House of Lords refuse to interfere in an arbitration award

Wednesday 6 July 2005 at 11:47 pm | In News | Post Comment

Lesotho Highlands Development Authority-v- Impregilo SpA and Others [2005] UKHL
[ADR – arbitration – courts reluctant to interfere with arbitration findings – statutory interpretation]
D built a dam in Lesotho (Africa) for C. The parties took a dispute about additional labour costs to an arbitration tribunal in London. The Tribunal made an award in sterling and euros rather than the local Lesothan currency. Under the 1996 Act, a party may apply to the court challenging an award if the Tribunal has exceeded its powers. However, International Chamber of Commerce (ICC) Rule 28.6 provides that all parties forego any right of appeal to the courts, except for a serious irregularity under the 1996 Act.

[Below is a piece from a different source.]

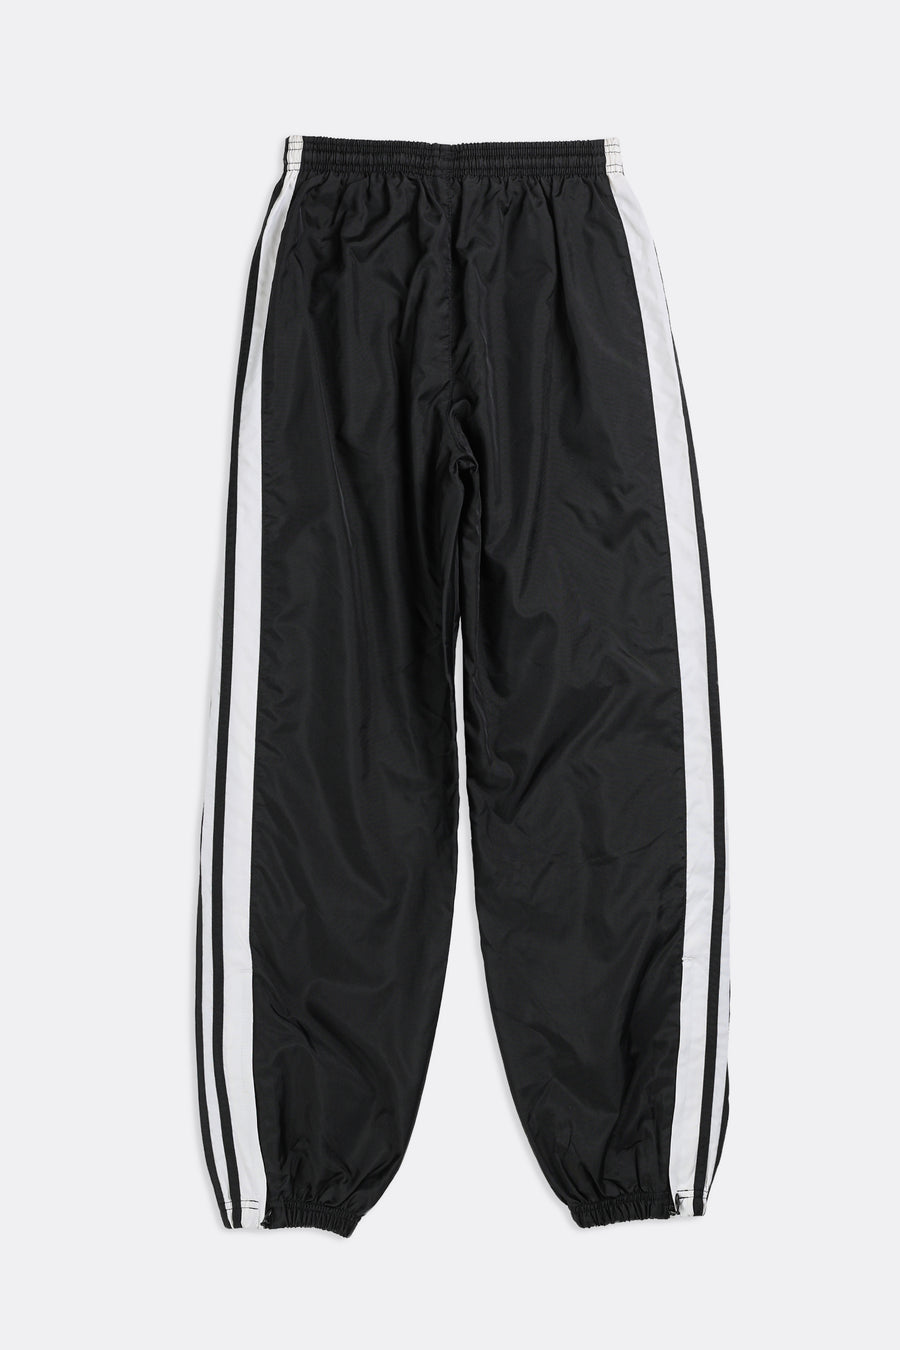 Vintage Adidas Windbreaker Pants - XS

Held: Their Lordships refused to disturb the Tribunal’s award. They upheld the principle – of “great importance” – of minimal intervention in arbitration proceedings.

C won

Comment: The Act was examined textually. A high threshold was required for the courts to intervene in arbitrations. Lord Steyn adopted a purposive approach upholding that the 1996 Act was intended to promote one-stop adjudication. A major purpose of the 1996 Act was to reduce drastically the extent of intervention of courts in the arbitral process. “The Act has however given English arbitration law an entirely new face, a new policy, and new foundations. The English judicial authorities . . . have been replaced by the statute as the principal source of law. The influence of foreign and international methods and concepts is apparent in the text and structure of the Act, and has been openly acknowledged as such. Finally, the Act embodies a new balancing of the relationships between parties, advocates, arbitrators and courts which is not only designed to achieve a policy proclaimed within Parliament and outside, but may also have changed their juristic nature.”